Первое апреля! Как во сне. Не верится. И все-таки он действительно уехал. Только что. У меня все еще шумит в голове, и кажется, будто остров вертится, как мельничный жернов. Уехал! Да помогут мне боги и прежде всего — богиня Добродетели.

Вот уже целый час сижу я с гусиным пером в руке. Чернила десять раз высыхали на его кончике. Никогда прежде я этим не занималась. Писать? Не писать? О чем? И как?

Я убита горем и опустошена. Для собственного утешения и чтобы хоть как-то заполнить свою жизнь, буду вести эти записи. Стану ли писать регулярно? Да, я их закончу! Но прочту ли их когда-нибудь Одиссею? Уф! Этой болезнью я заразилась от него: делить ничто на множество частей!
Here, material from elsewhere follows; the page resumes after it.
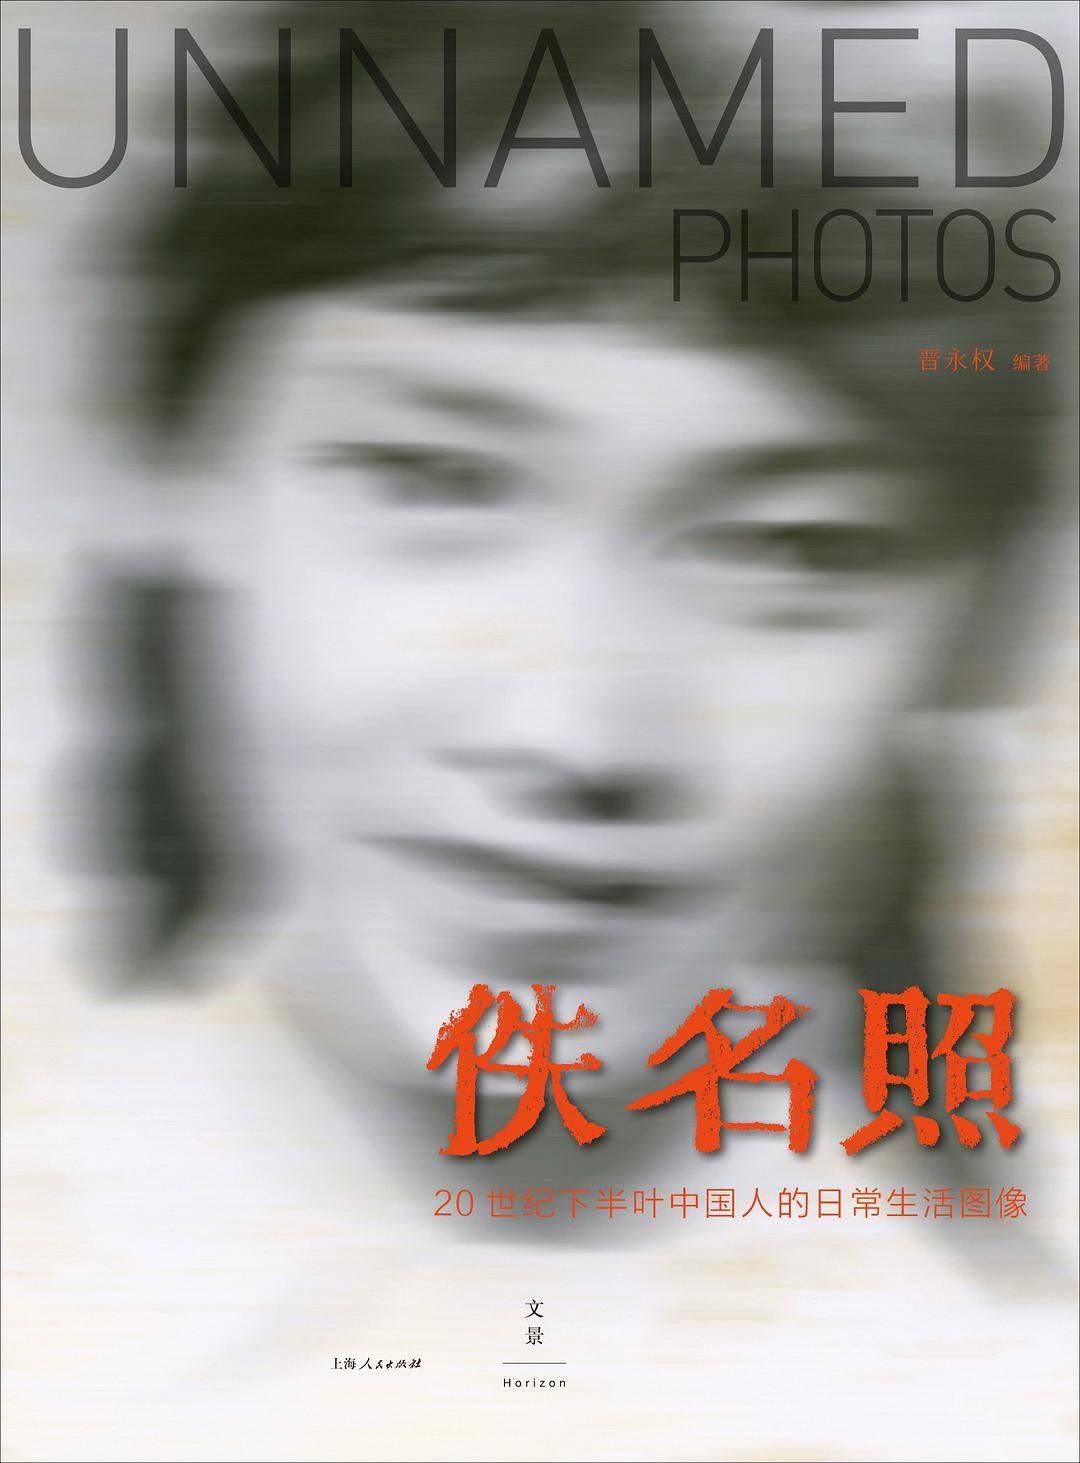 李公明︱一周书记:摄影叙事中的……历史肌理与研究前景

С сегодняшнего дня передо мною раскрывается новый мир. Творцом этого мира и его вождем буду я одна. Писать-то каждый может, действовать куда труднее.

Оставил он меня, молодую женщину, с капризным ребенком на руках. И даже не поцеловал, чтобы не показать-де слабость перед низшими. Да он и дома меня никогда не целовал! Всегда прямехонько к делу. Стоя на носу отчаливающего корабля, махнул мне своей волосатой ручищей, отвернувшись в другую сторону. Кто-кто, а уж он-то знает женщин! Высокий и черный, словно каменные дубы на горе Петалейко, босой, с голыми руками, он заполнял собою небо и морской простор. Казалось, будто небесный купол вместе с солнцем и духами держится на его мощной шее! Он весь утопал в рыжей бороде и нестриженых волосах, в густых бровях. А громовые раскаты голоса вырывались из его груди, подобно звону меди из пещеры Корибантов.

Его называли «грозой людей». Но особенно страшным был он сегодня, когда его обнимало и уносило с собою великое солнце.

О Весна, никогда еще не была ты столь сладостной. Даже в тот день, когда я впервые сказала ему «да», а он так стиснул мою девичью ручку своей лапищей, что я вскрикнула от боли! И никогда прежде не горели так мои щеки, не подгибались колени, как сегодня, когда он не прикоснулся ко мне, не поговорил со мной, даже не взглянул на меня!

Благоухали в садах и на изгородях гиацинты и душистый горошек, а на обрыве — сосны, бессмертники, чабрец и душица. Благоухало море, когда его волны вскипали под веслами и килями кораблей. Благоухали морские водоросли и песок, вздымаемые тросами и цепями. Благоухали новые корабли смолой, дегтем и свежей краской. И все же более опьяняюще благоухали в моей памяти его потные ножищи, запах его любви!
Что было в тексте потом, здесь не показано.